* INFORMATION SHOWN
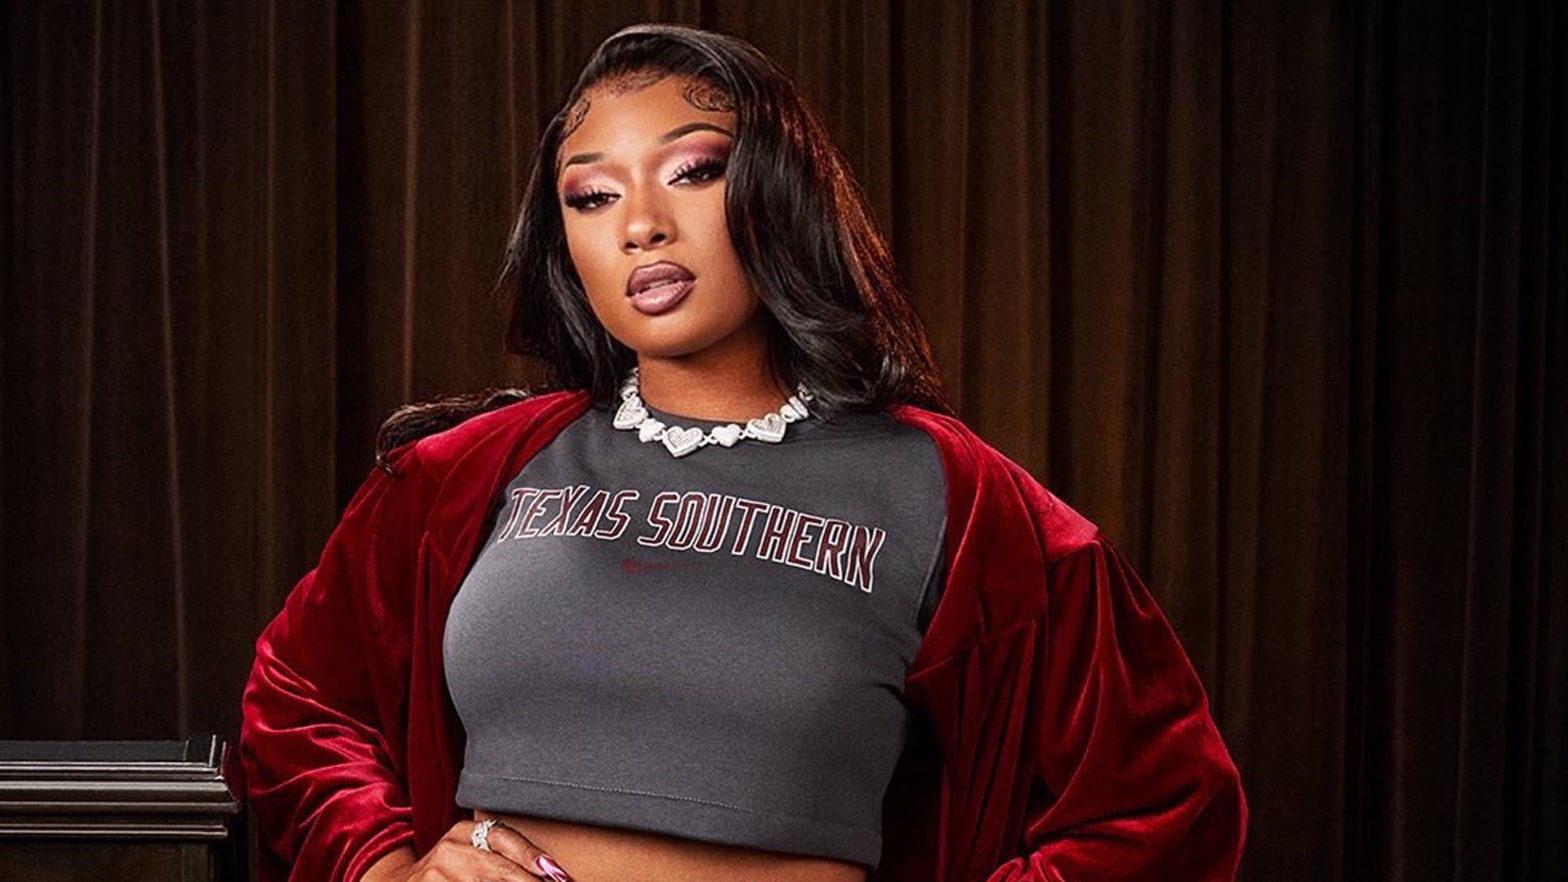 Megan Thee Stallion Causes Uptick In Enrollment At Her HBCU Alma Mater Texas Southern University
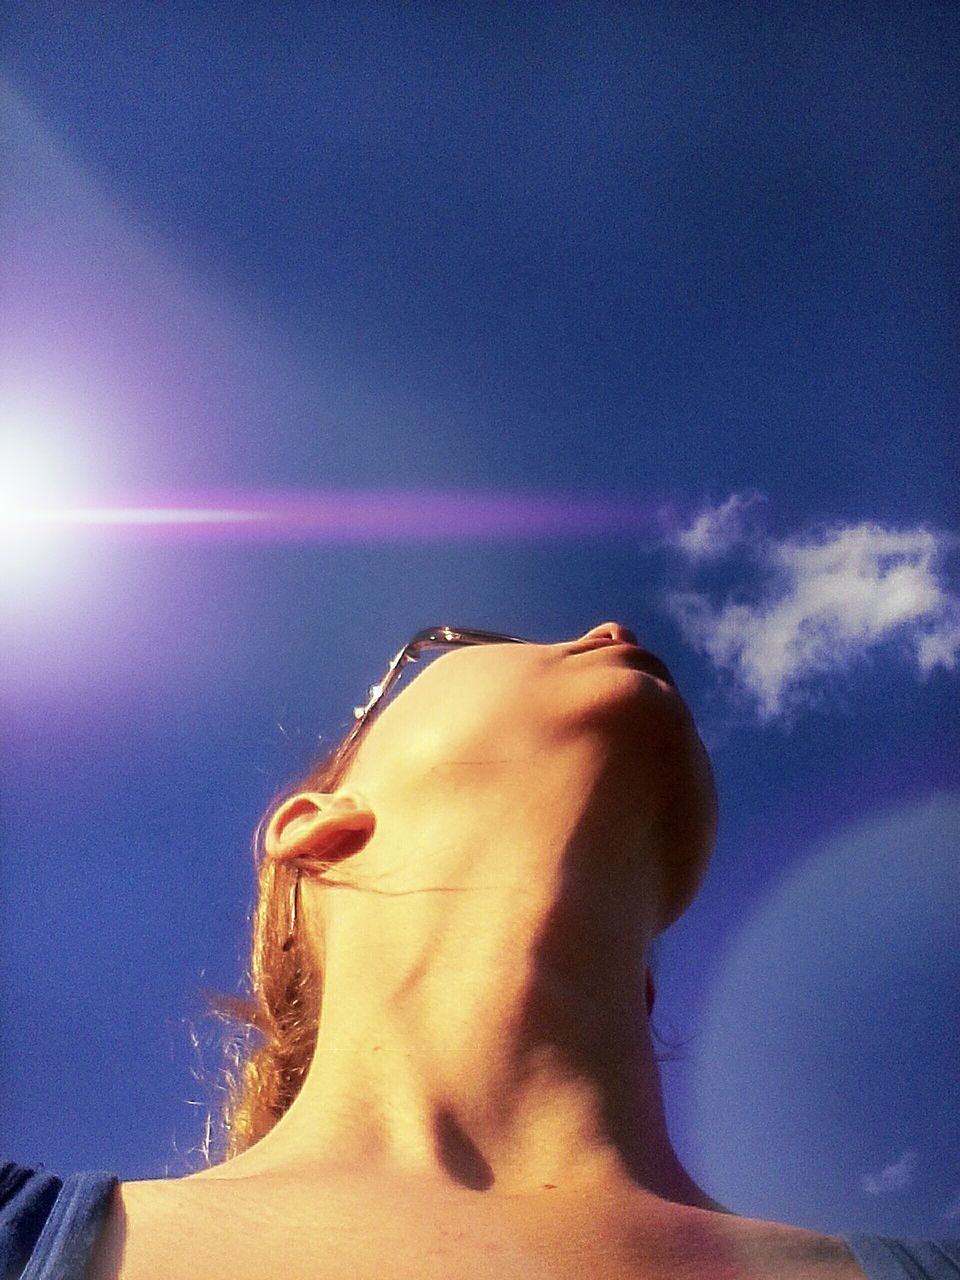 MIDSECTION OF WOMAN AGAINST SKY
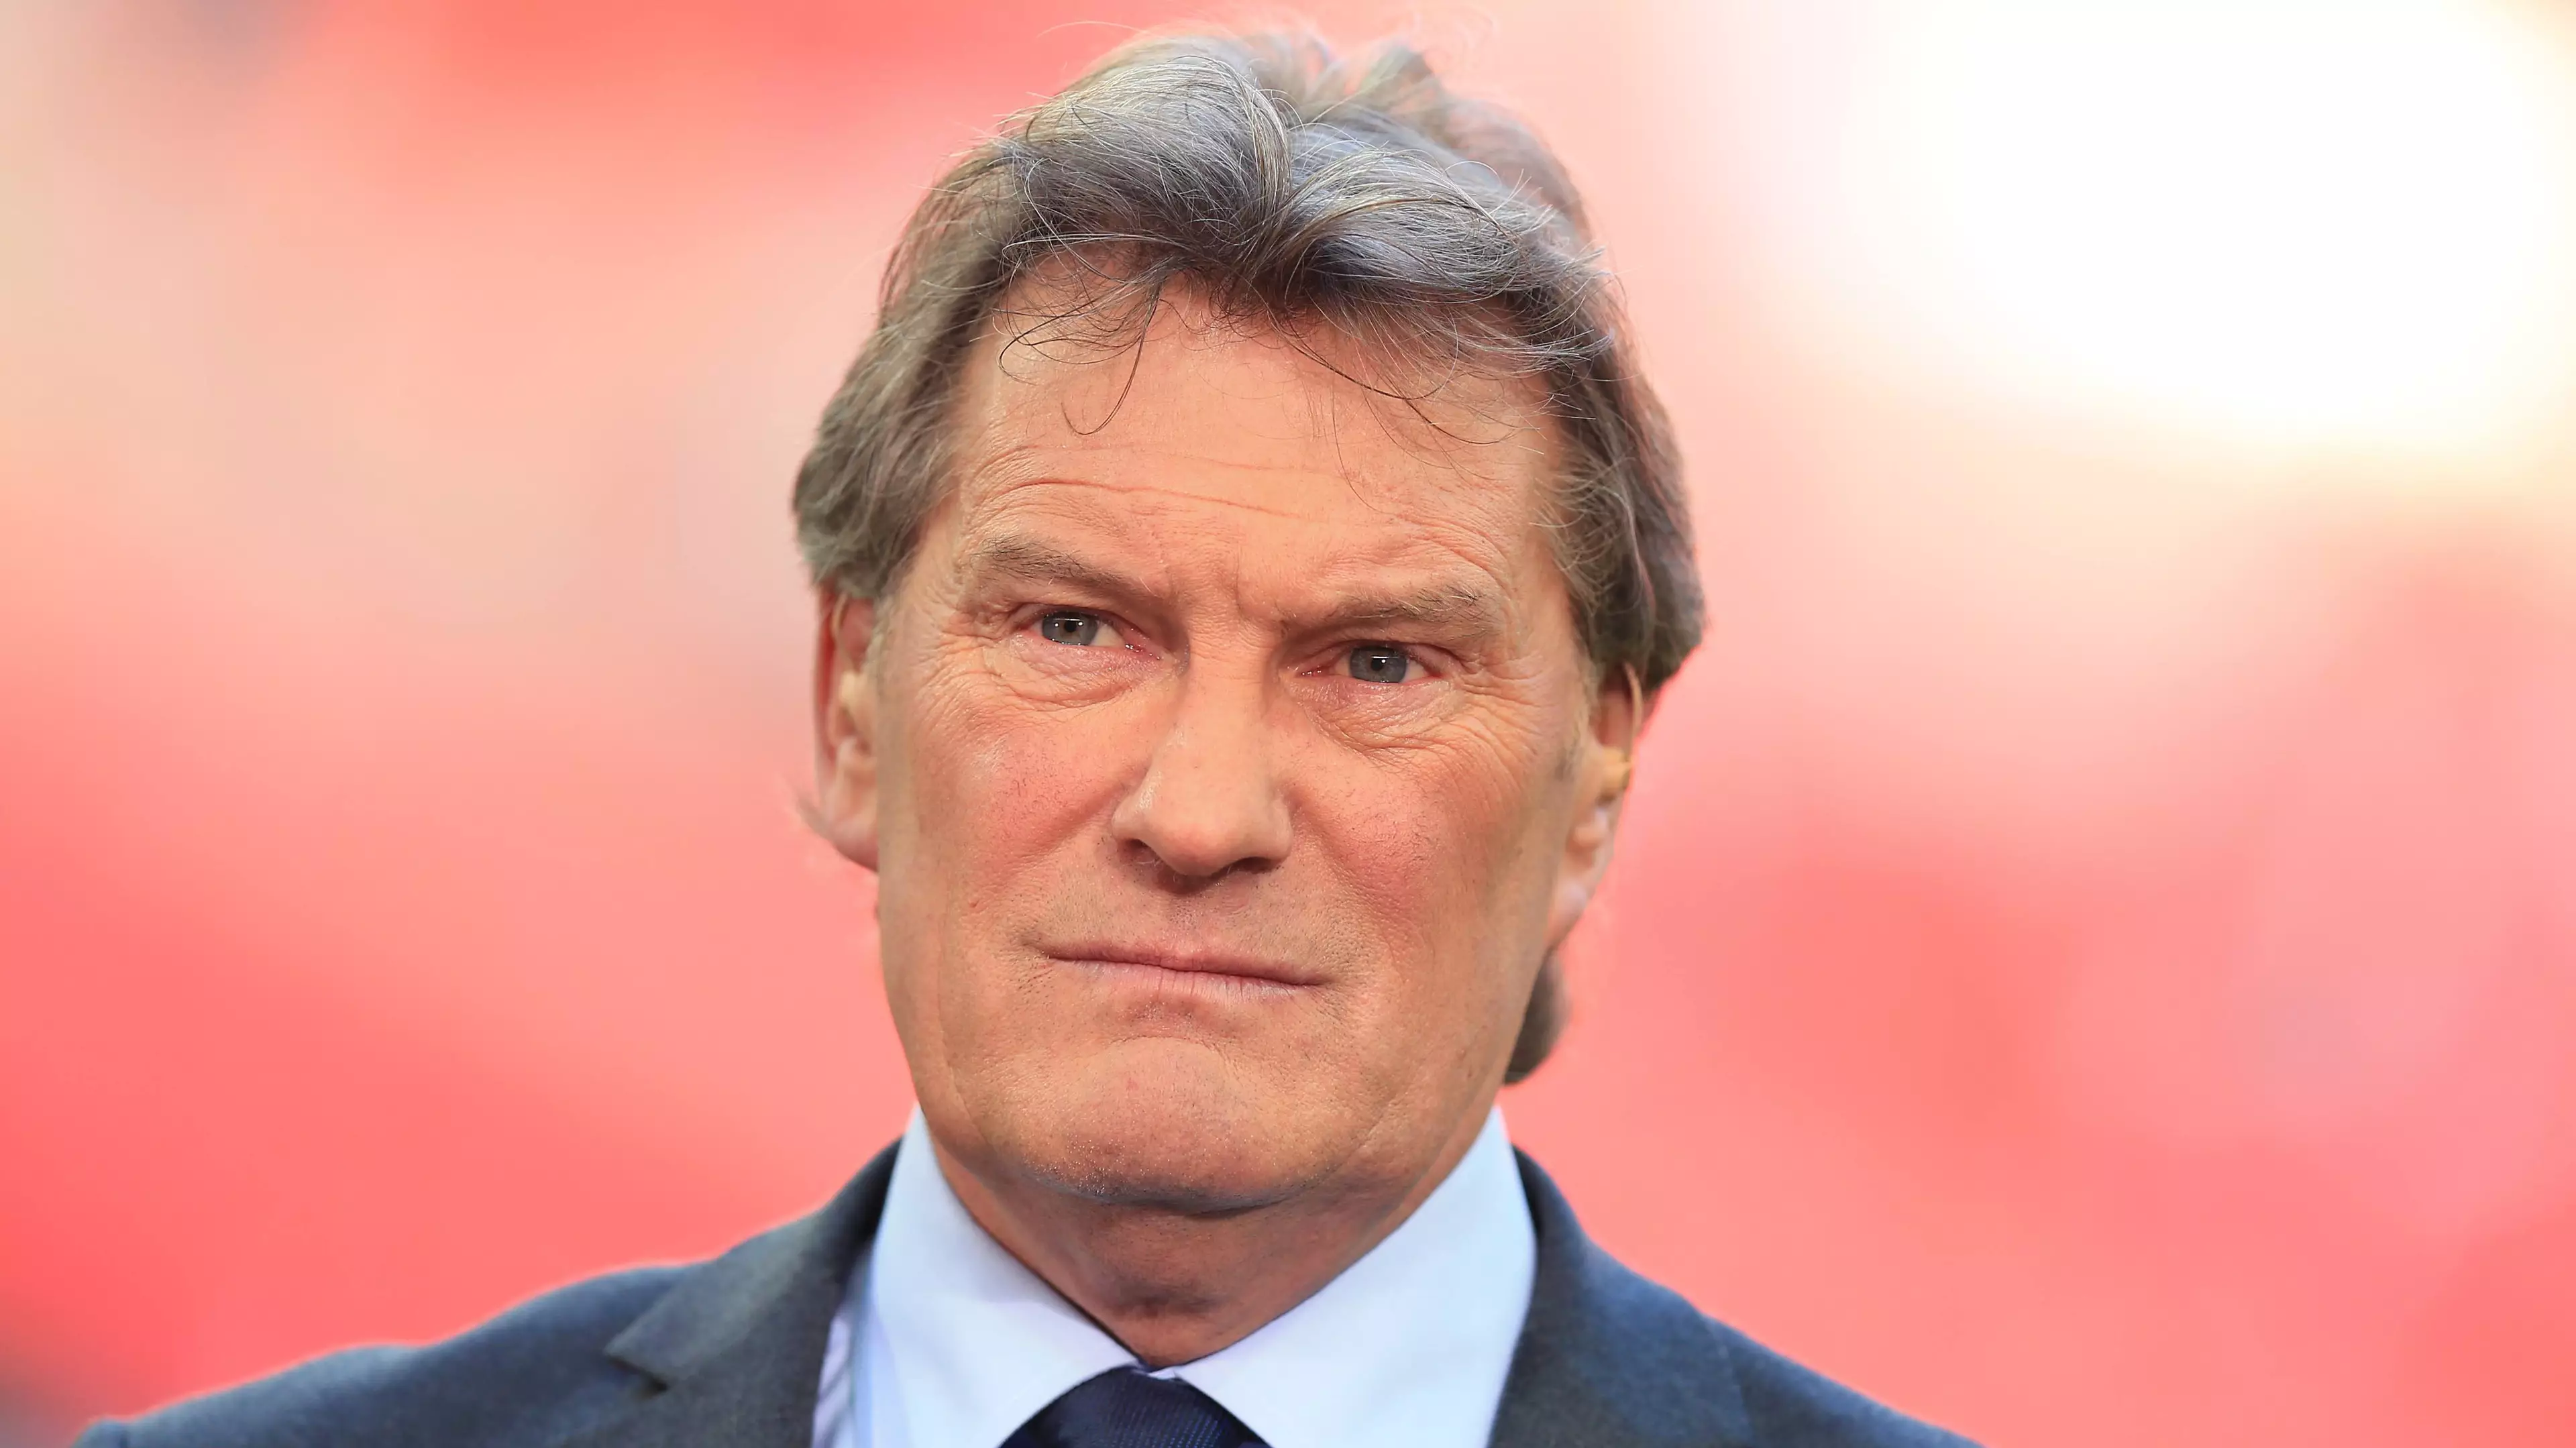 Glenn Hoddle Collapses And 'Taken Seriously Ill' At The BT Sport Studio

* GOAL OF THE EXERCISE
Every line above goes into the copy unchanged; the pictures do not.

* COMPLETED TASK
 Megan Thee Stallion Causes Uptick In Enrollment At Her HBCU Alma Mater Texas Southern University
 MIDSECTION OF WOMAN AGAINST SKY
 Glenn Hoddle Collapses And 'Taken Seriously Ill' At The BT Sport Studio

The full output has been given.